Não se associar ao transgressor

Quando ouvimos a afirmação que não devemos nos associar ao transgressor, pensamos, como religiosos que somos, com relação a todos os que não estão na mesma “igreja” que nós, correto? Mas é sobre isso que Deus está falando?

Em Amós, no capítulo 2, versos 6 e 7, podemos ler: “Assim diz o Senhor: por três transgressões de Israel, e ainda mais por quatro, não anularei o castigo. Vendem por prata o justo, e por um par de sandálias o pobre. Pisam a cabeça dos necessitados e pisam o pó da terra e negam justiça ao oprimido. Pai e filhos possuem a mesma mulher e assim profanam o meu santo nome.” (Amós 2:6-7, NVI)

Pensando que este tipo de pecado era antigo e que não se cometia no meio do povo, na carta aos Coríntios, podemos ler pecado semelhante, isto no capítulo 5, da primeira carta, verso 1: “Por toda parte se ouve que há imoralidade entre vocês, imoralidade que não corre e nem entre os pagãos, a ponto de um de vocês possuir a mulher de seu pai.” (1 Coríntios 5:1, NVI) e então, Paulo continua na sua carta, dos versos 9 ao 10 : “Já disse por carta que vocês não devem associar-se com pessoas imorais. Com isso não me refiro aos imorais deste mundo nem aos avarentos, aos ladroes ou aos idólatras. Se assim fosse, vocês precisariam sair deste mundo. Mas agora estou escrevendo que não devem associar-se com qualquer que, dizendo-se irmão, seja imoral, avarento, idólatra, caluniador, alcoólatra ou ladrão. Com tais pessoas vocês nem devem comer.” (1 Coríntios 5:9-10, NVI)

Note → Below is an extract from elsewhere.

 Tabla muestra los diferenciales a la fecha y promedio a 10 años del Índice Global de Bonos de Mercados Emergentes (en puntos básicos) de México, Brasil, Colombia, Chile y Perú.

Será que tais palavras precisam de esclarecimento? O que devemos fazer com o pecador que vive no mundo e com aquele que afirma conhecer Deus e vive na prática do pecado e se declara membro do corpo?

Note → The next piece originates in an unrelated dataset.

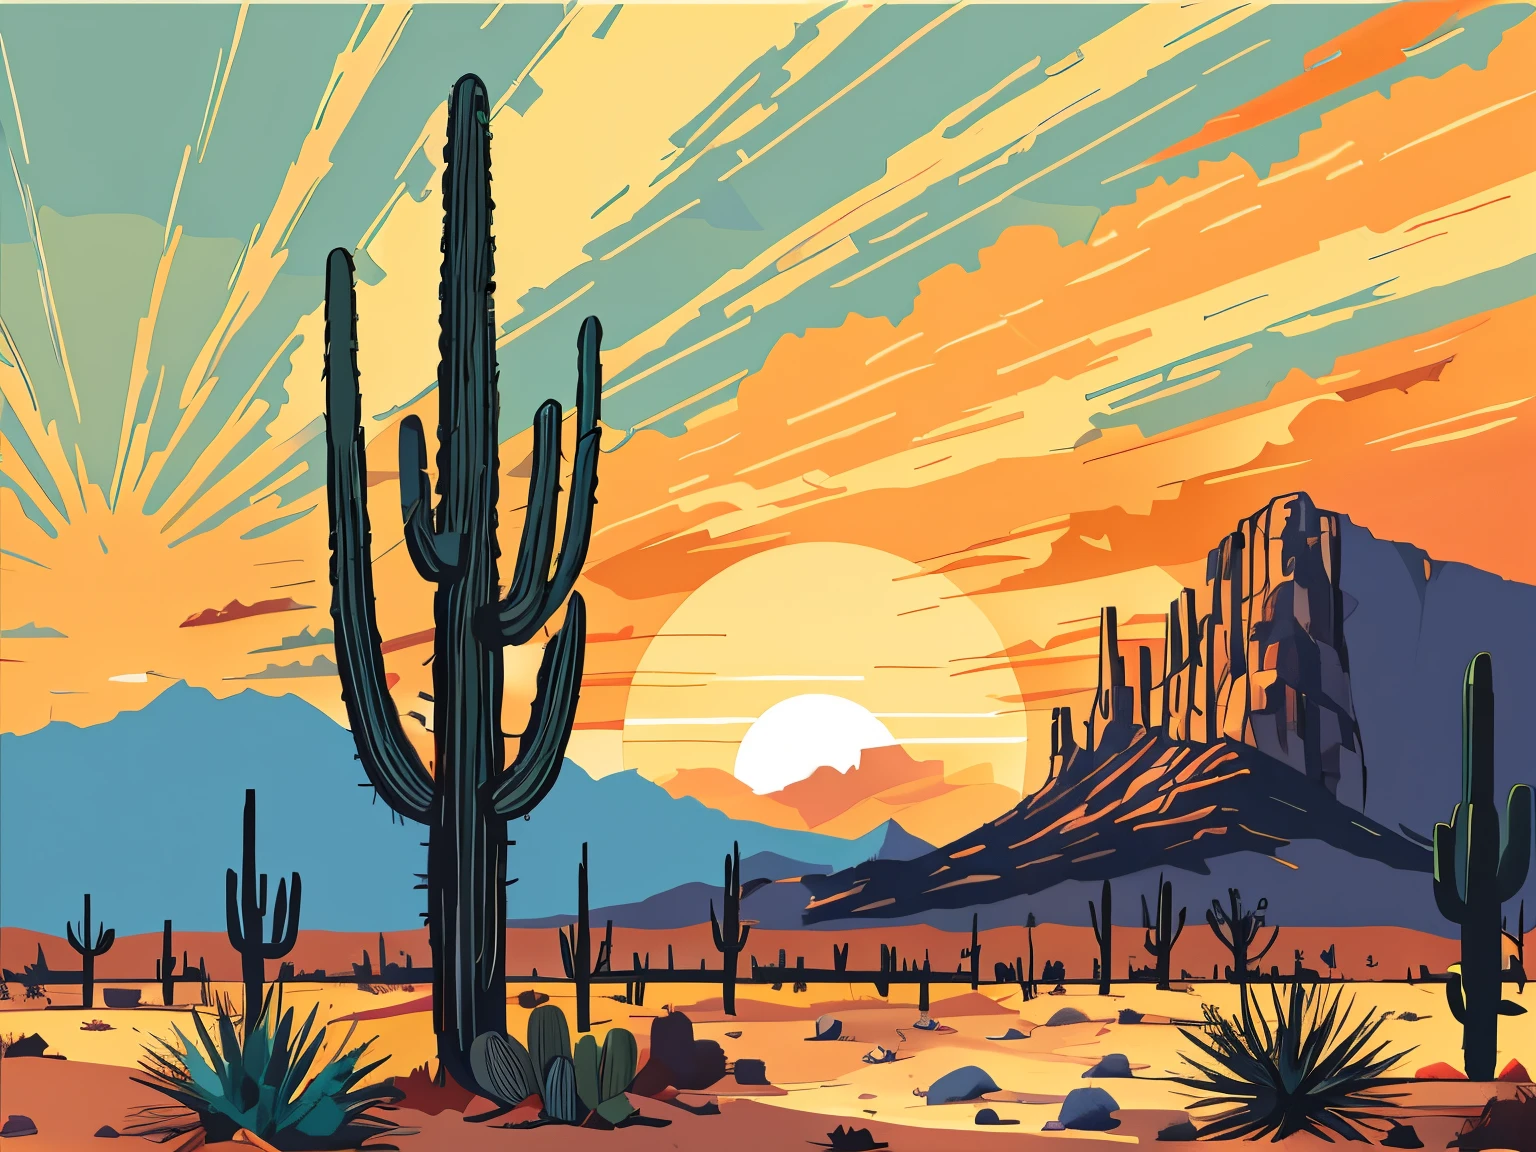 cactus sur le désert au coucher du soleil, Invite de diffusion stable, haute qualité, Résolution 4k, réaliste, supprime le texte, détaillé, couleurs vives, éclairage professionnel, peinture numérique, lignes douces, vecteurpr

O pecado não deve fazer parte da nossa vida, não importa o tipo. Devemos, zelosamente, rejeitar, terminantemente, sabendo que fomos capacitados e habilitados para viver a vontade de Deus, porque recebemos poder e autoridade, não podemos permitir a prática permanente do pecado no corpo. E fazemos isso não associando com quem está na pratica do pecado e não o rejeita. Mas precisamos começar primeiramente, em nós, nas nossas vidas, para podermos, como Paulo escreve julgar, e com isso, não associar. A permissividade do pecado em nosso meio, na realidade, nos conduz a profanar o nome de Deus, e não testemunhando da vida e nem das Suas obras.

Sendo santos como é da vontade de Deus, vivendo uma vida de santidade, precisamos rejeitar terminantemente o pecado em nossa vida, pois se conhecemos o Senhor e proclamamos que O amamos, devemos como fala o profeta Elias, em 1 Reis 18, no verso 21: “Elias dirigiu-se ao povo e disse: até quando vocês vão oscilar para um lado e para outro? Se o Senhor é Deus, sigam-no; mas, se Baal é Deus, sigam-no. O povo, porém, nada respondeu.” (1 Reis 18:21, NVI).

Se de fato amamos Deus, compreendemos a Sua vontade, desejo e propósito, não temos outra maneira de viver que não seja imitando-O em todas as Suas ações, praticando atos santos e que revelam quem Ele é ao mundo, no meio daqueles que precisam conhecer e se submeterem ao Deus que conhecemos.

Não podemos permitir o pecado em nossa vida e nem na vida da igreja, nos associando a pessoas que dizem amar a Deus e vivem na prática costumeira do pecado, mas não podemos deixar de levar a vida de igreja até aqueles que estão cegos e perdidos no mundo, precisando da luz para que possam se aproximar e conhecer a salvação concedida pelo Senhor.

Mas nisto tudo precisamos entender o que significa viver na prática do pecado e pecar, o primeiro implica em subordinação, ser dominado, já o segundo é inerente da natureza humana que estamos sujeitos, mas precisamos nos empenhar na santificação e no correr rumo à plenitude de Cristo para sermos semelhantes ao Senhor, e a rejeição do pecado tem que começar na nossa vida e não na do outro.